Panel Discusses Generic, Biosimilar Marketplace Sustainability

Following the release of a whitepaper on sustainable generics and biosimilars markets, members of a trade association discussed concerning trends for the industry.

In the European Union, public panic over drug shortages caused by the COVID-19 pandemic drove demand for some drugs to 900% above normal, according to Adrian van den Hoven, director general of Medicines for Europe. “That’s not something that you have lying around in stockpiles.”

He spoke in a recent International Generic and Biosimilar Medicines Association (IGBA) panel discussion about trends affecting the generics and biosimilars industry. The occasion was IGBA’s launch of a whitepaper on industry sustainability.

A Finger Snap Won't Do

Governments responded to drug shortages with calls for the pharmaceutical industry to shore up supply chains and geographically diversify manufacturing operations, although IGBA contends this may be expecting too much of the private sector.
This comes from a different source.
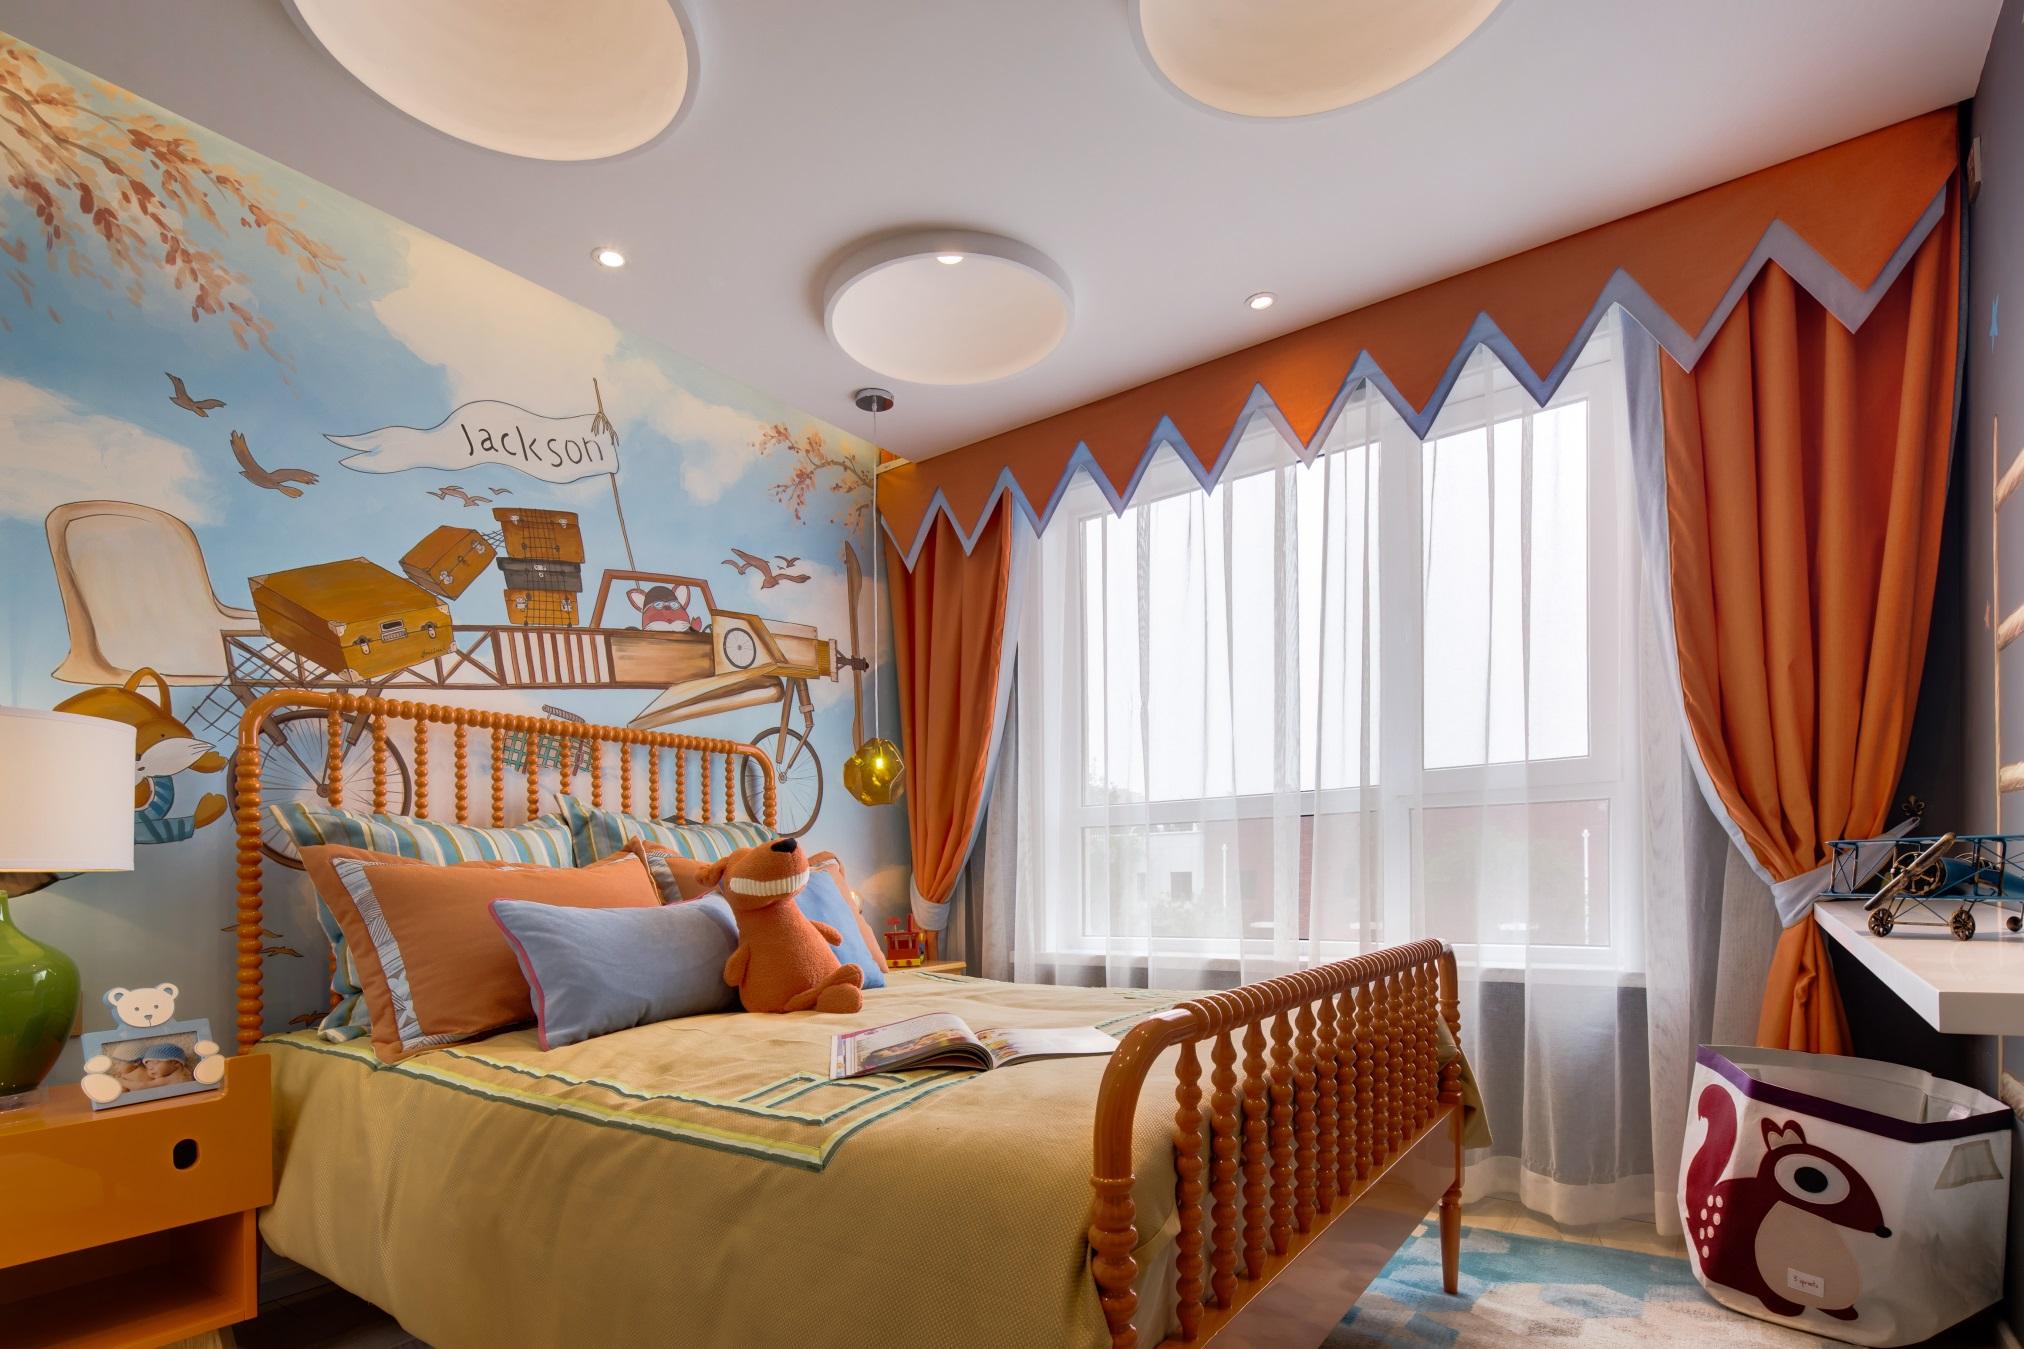 儿童房以浓郁的橘色打造,童趣精致,背景墙是最抢眼的装饰,增添空空间艺术氛围。

“A lot of governments think that by snapping their fingers, this is going to happen, when in reality this will require investment by the private sector, even when there is some support for technology from government programs,” van den Hoven said.

The US government has urged that domestic drug manufacturing be expanded, although there’s a growing recognition among US officials “that we operate in a globalized world,” and part of that is an appreciation for ensuring that the United States and its allies abroad have resilient supply chains, said Jonathan Kimball, vice president, Trade and International Affairs, Association for Accessible Medicines.
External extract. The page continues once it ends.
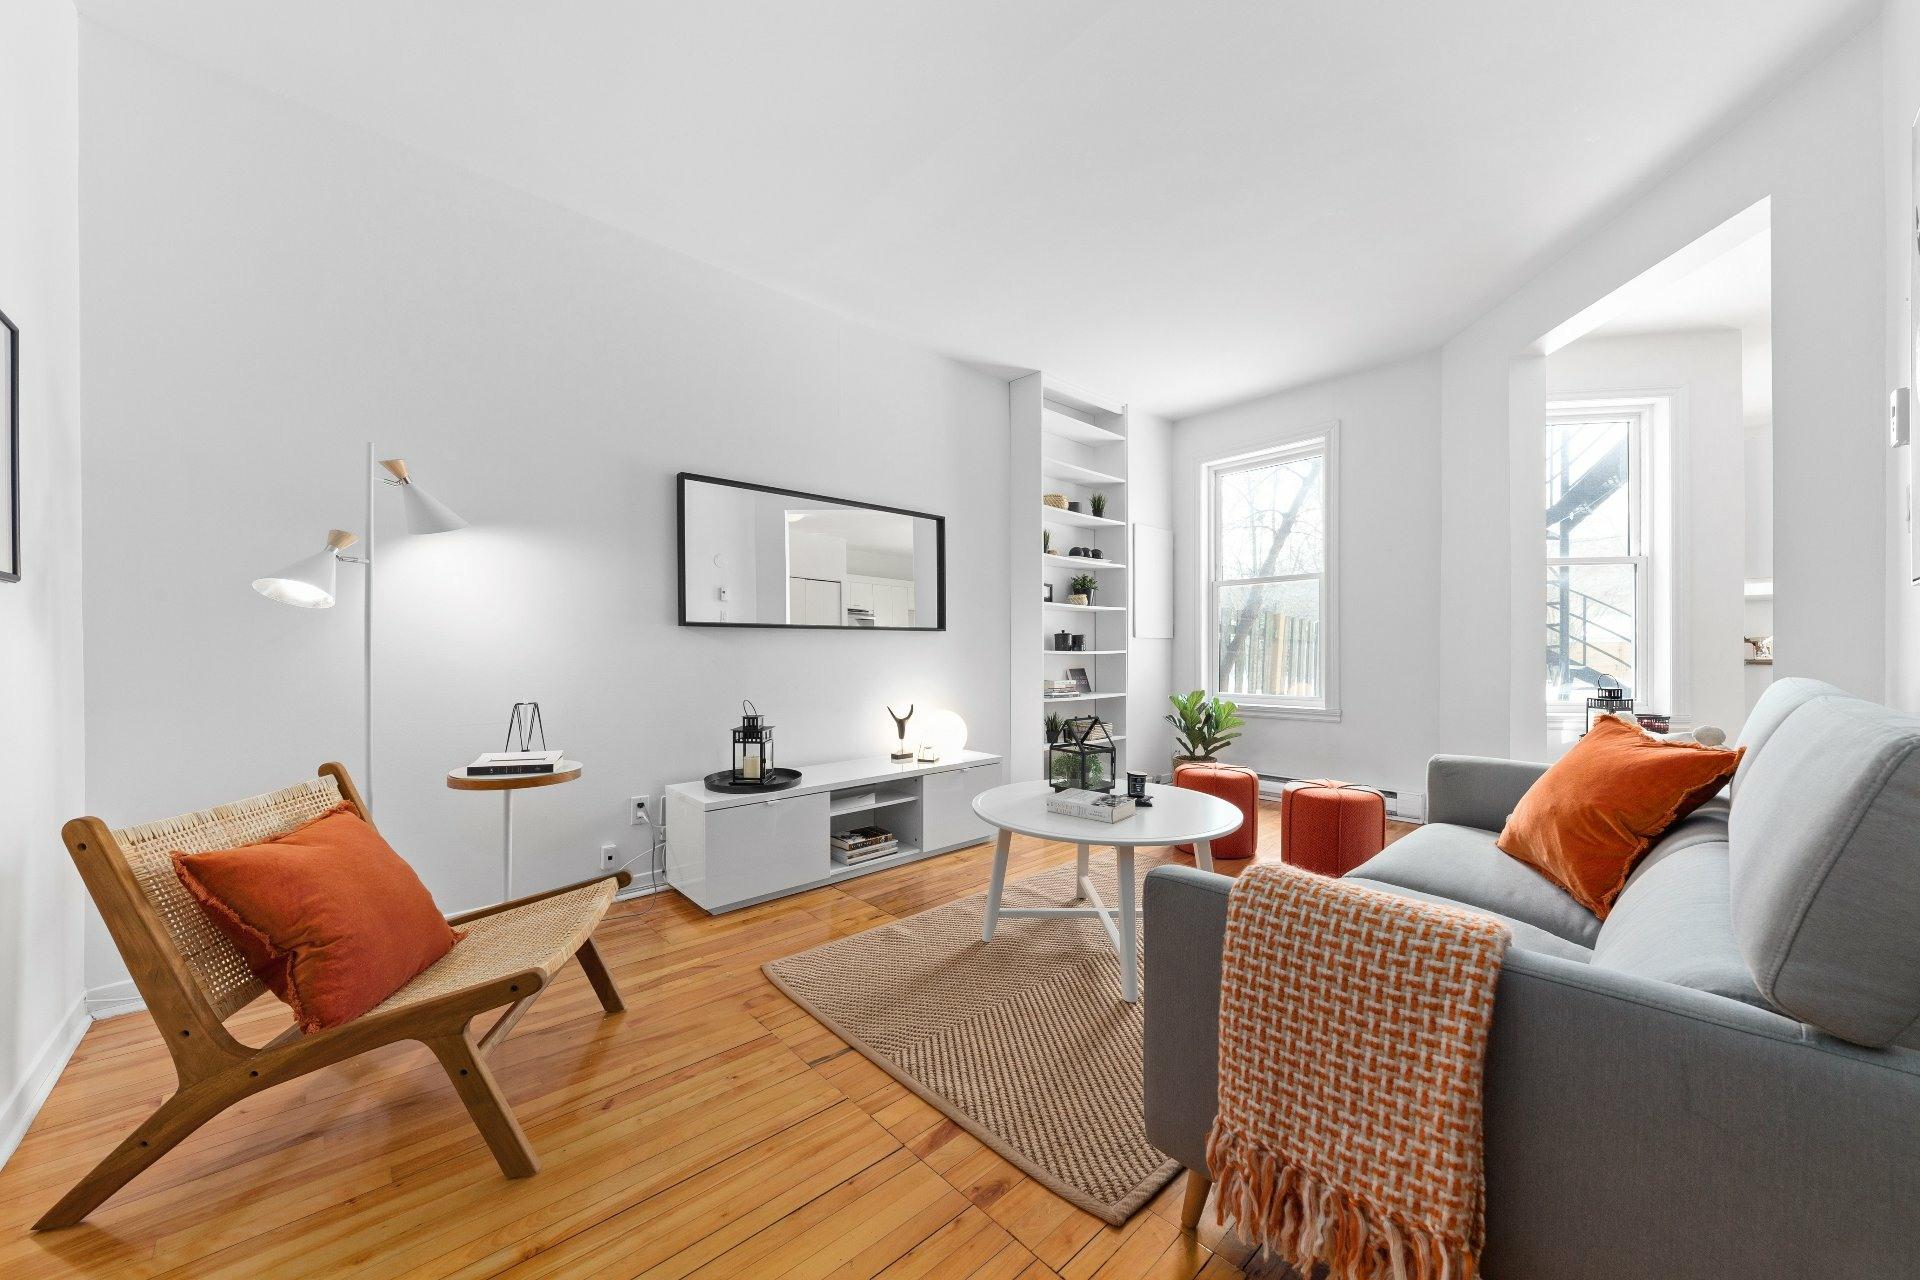 image 2 - Duplex For sale Le Plateau-Mont-Royal Montréal  - 5 rooms

Concurrent with this push to expand production capacity is a downward pressure on prices by payers that erodes the margin of return, IGBA contends.

“The real challenge is that the markets are currently designed to drive prices as low as they possibly can go, and of course, that’s not compatible with the diversity [local production] model, so I think we have to have sustainable market models that encourage those investments,” van den Hoven said.
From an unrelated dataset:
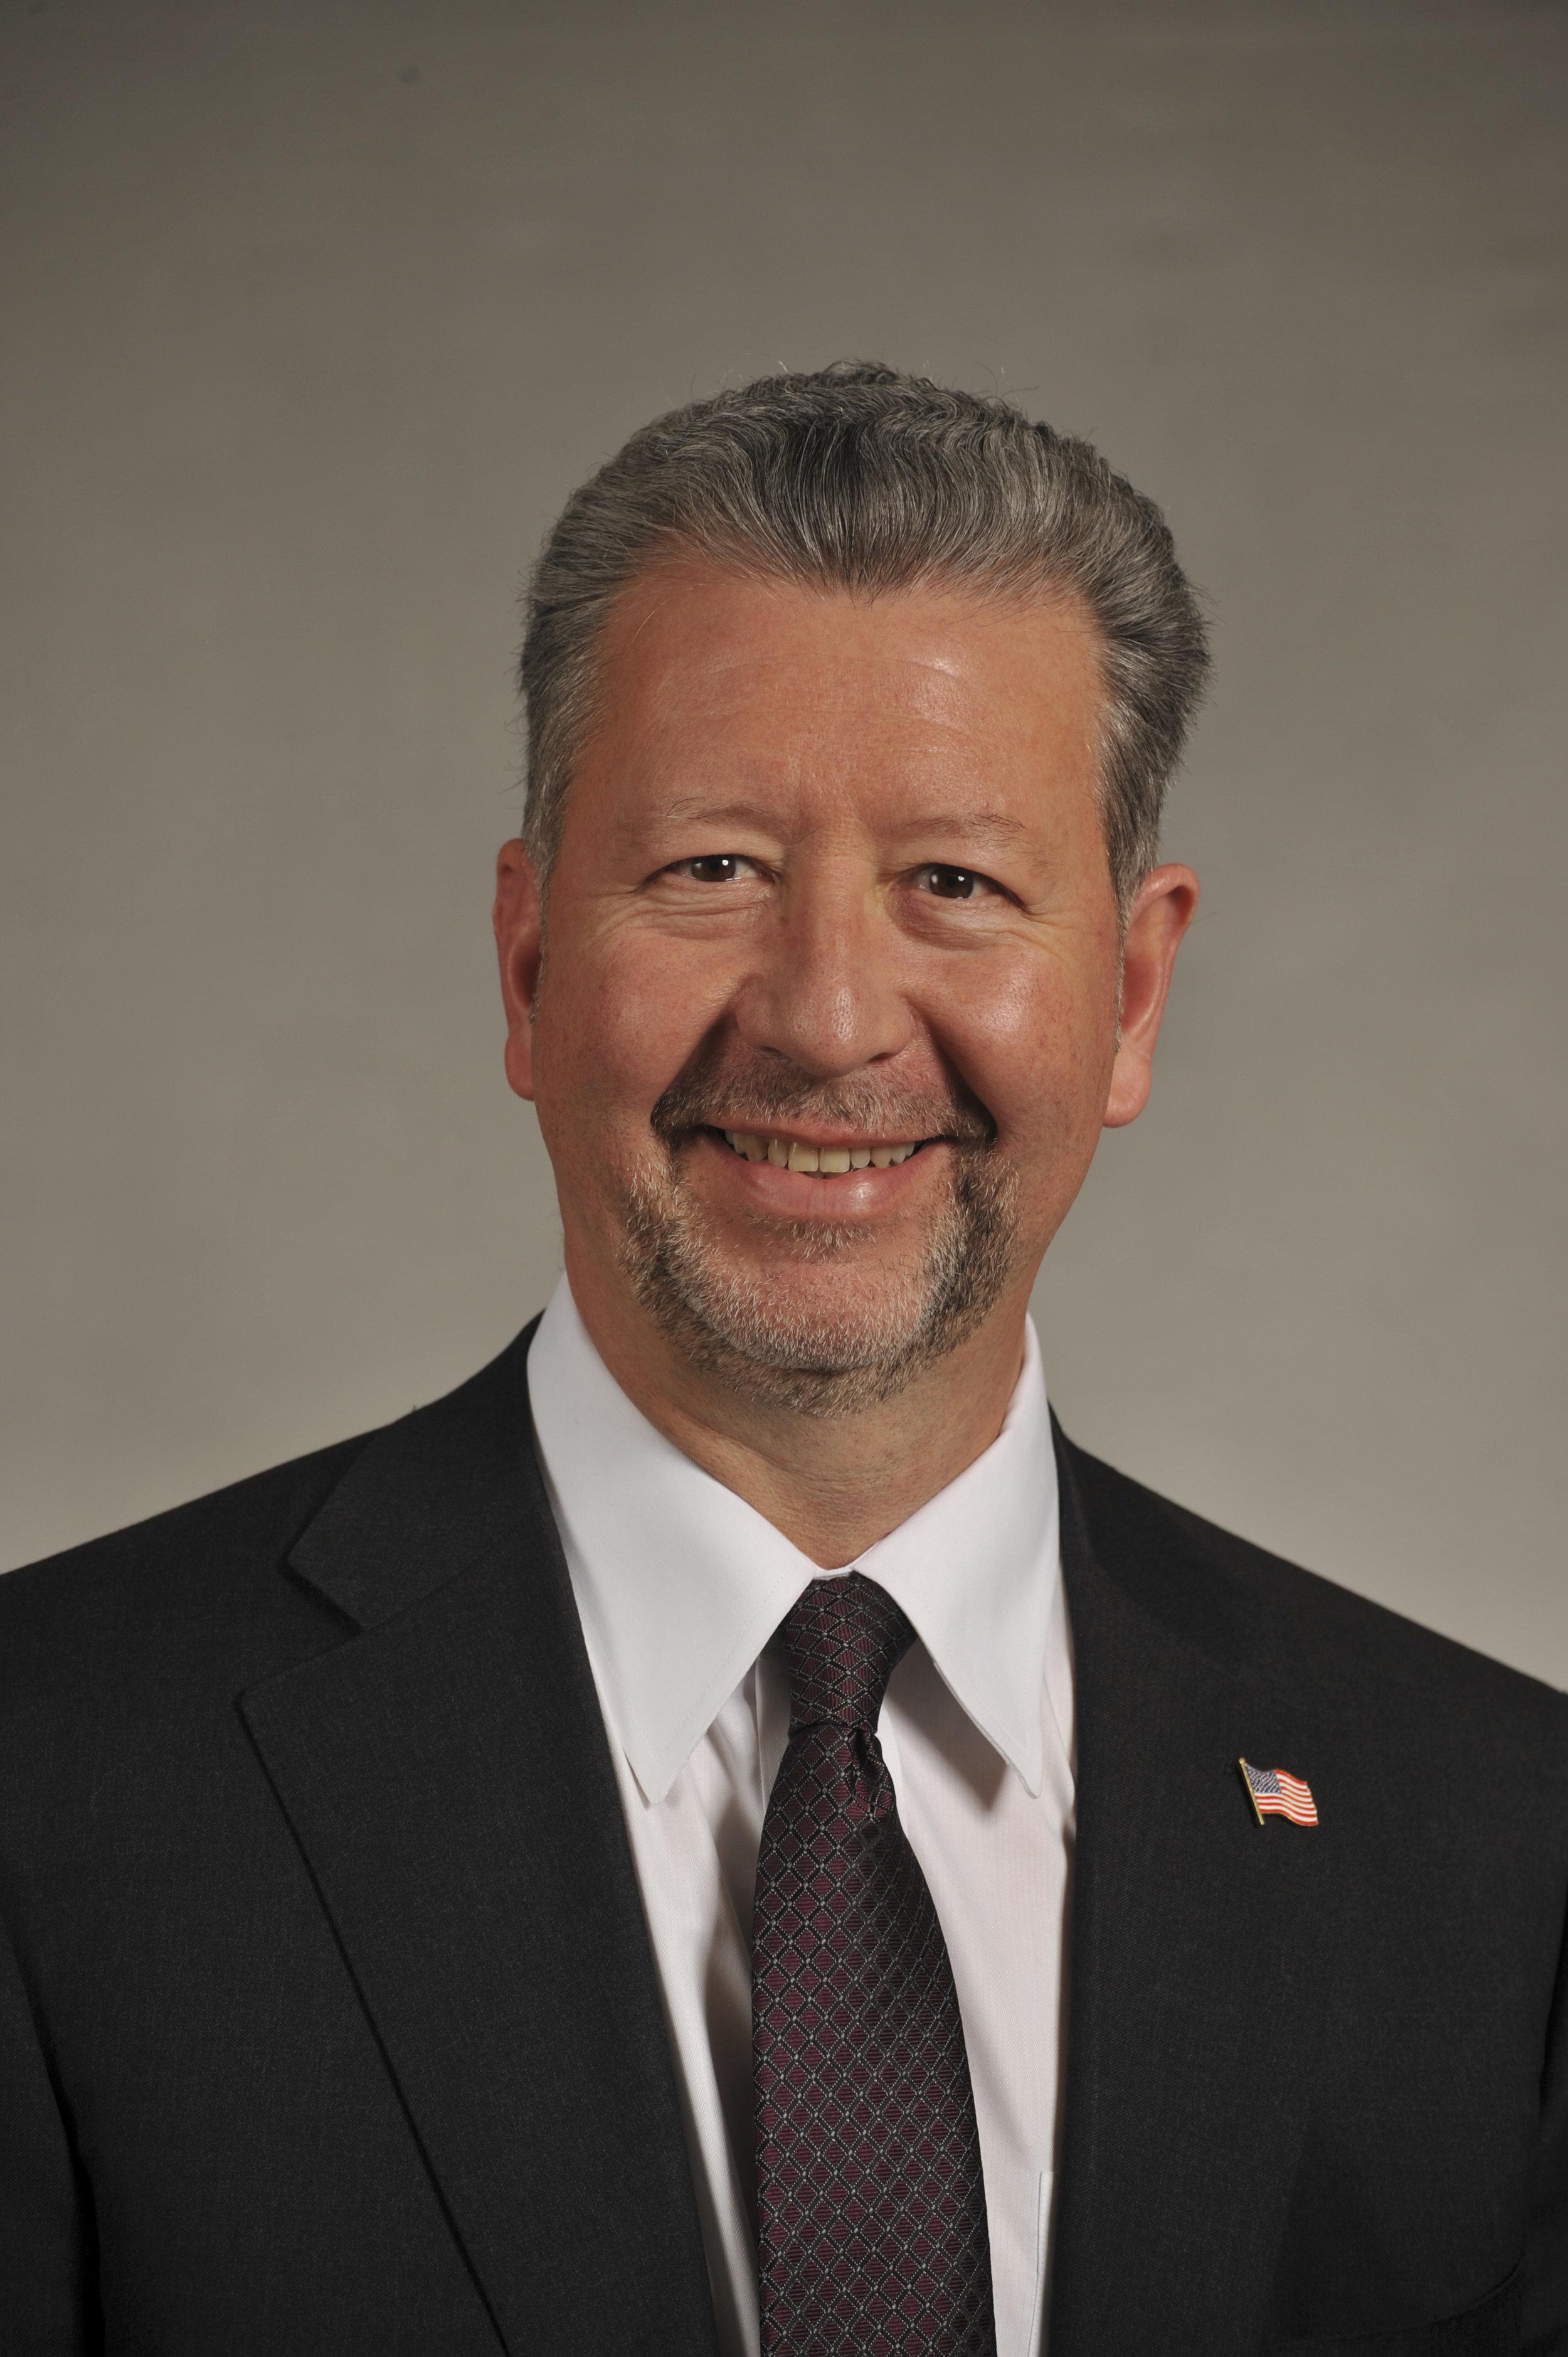 Tony Panagiotu

Kimball responded that the pharmaceutical industry can defend against pricing pressure by improving the reliability of its drug supply chains and commoditizing that. “The market drives prices down, but at the same time, there is increased market demand for what is viewed as a diversified, secure supply chain.”

Learning From COVID-19

Meanwhile, there are innovations that were implemented during the pandemic to resolve supply problems, and these could be employed on an ongoing basis to streamline the flow of drugs across borders, panelists said.

Temporary imports and the reimportation of drugs previously exported were some of the resupply measures tried with success during the pandemic, van den Hoven said.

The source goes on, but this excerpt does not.